After many tests and a biopsy, it was determined that Philip had Biliary Atresia. At 8 weeks old he underwent a surgery called a Kasai which serves as kind of a “temporary” fix that allows bile to drain from the liver.
Philip spent the next 2 years in and out of the hospital. He developed Portal Hypertension, which caused him to have esophageal varices and GI bleeds. At that point it was determined that Philip should be listed for a liver transplant, but according to his bloodwork, his PELD score was not high enough to get him transplanted any time soon. His team suggested looking into living donation, so they discussed it as a family and decided that Philip’s Dad, Dan would get tested first. And he was a match!

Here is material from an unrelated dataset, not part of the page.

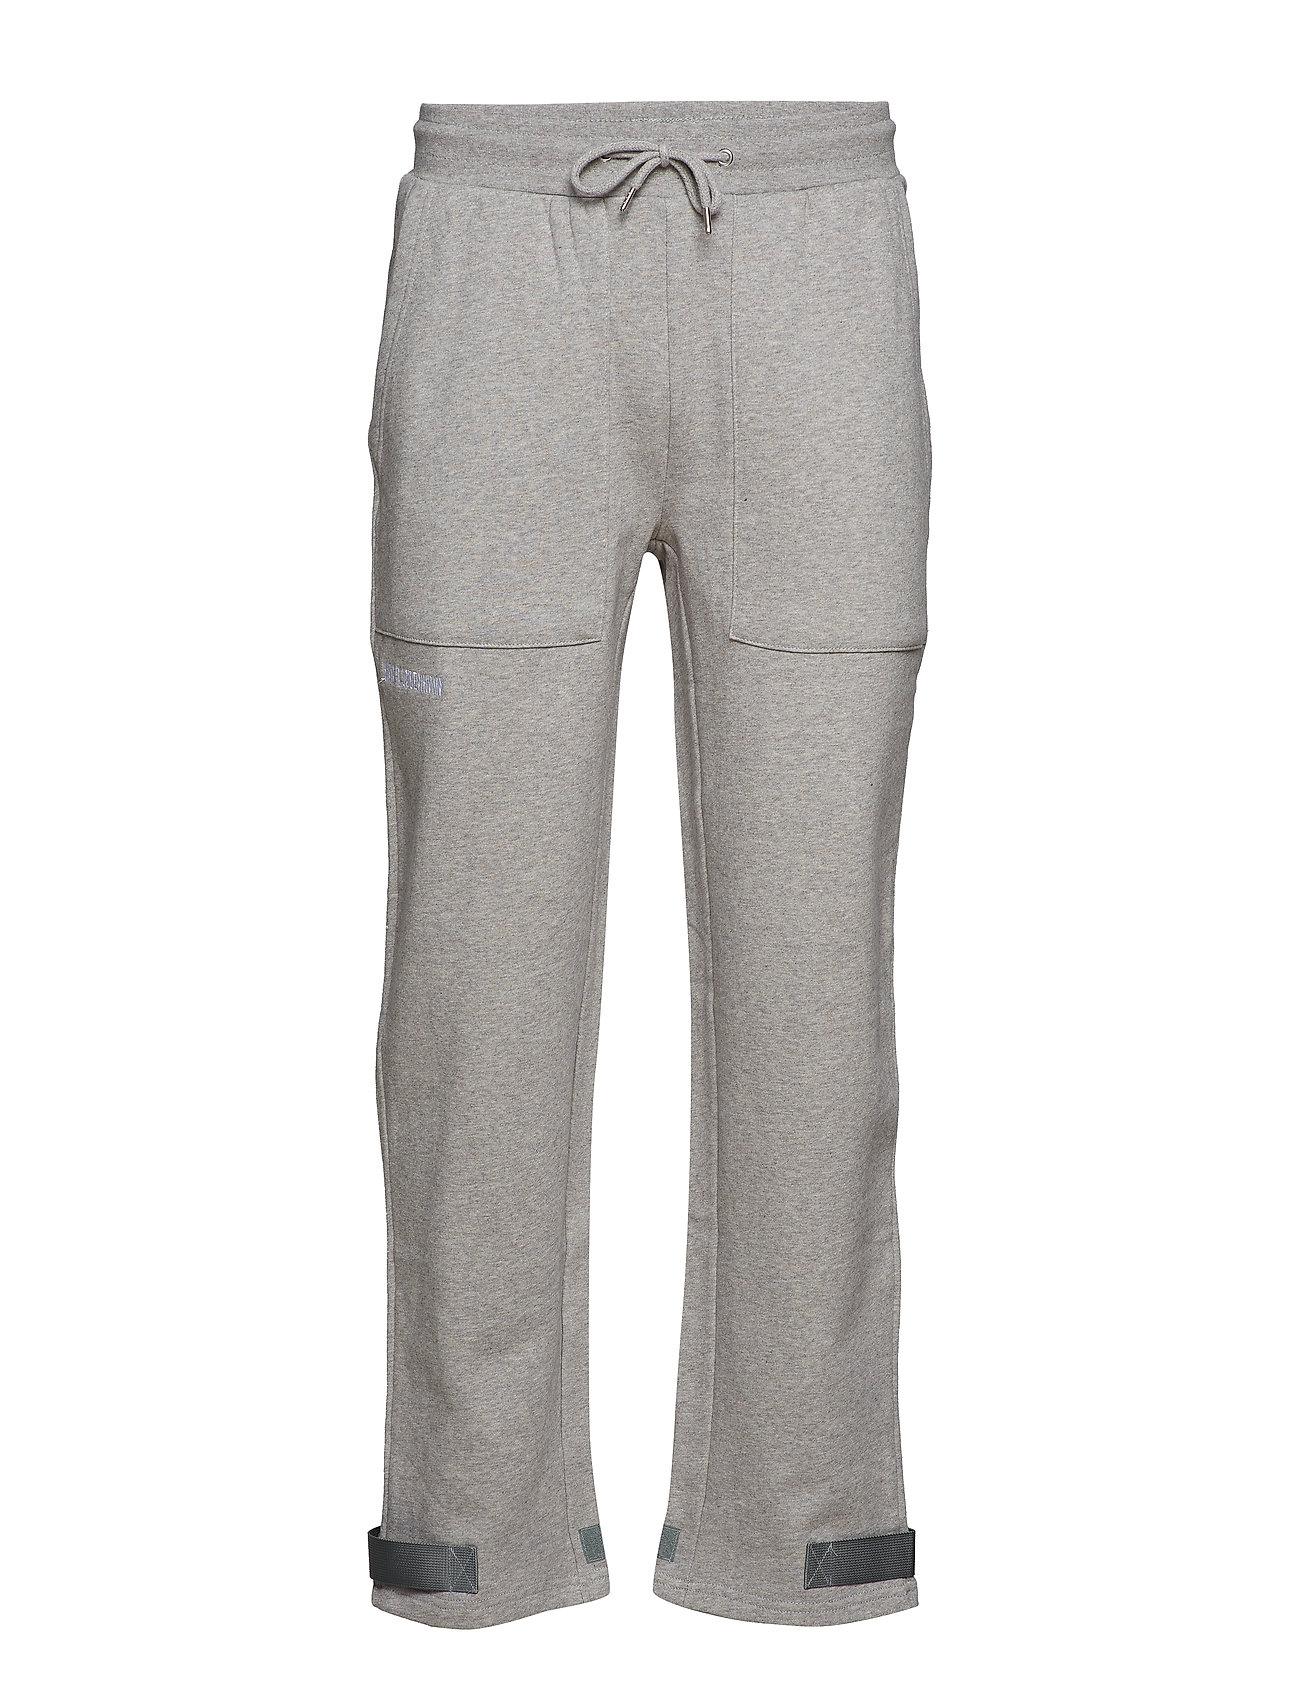 HAN Kjøbenhavn Sweat Pants - GREY LOGO

On May 10th, 2016, both Phil and Dan were wheeled into the operating room and their lives were forever changed. Both are doing great since, and Dan sometimes forgets he even had surgery. Philip has had a couple of bumps along the way, but transplant has allowed him to start kindergarten this year and keep up with his peers. He is a typical 5 years old boy who loves cars and playing with his brother. You would never know all that he has been through if we didn’t tell you!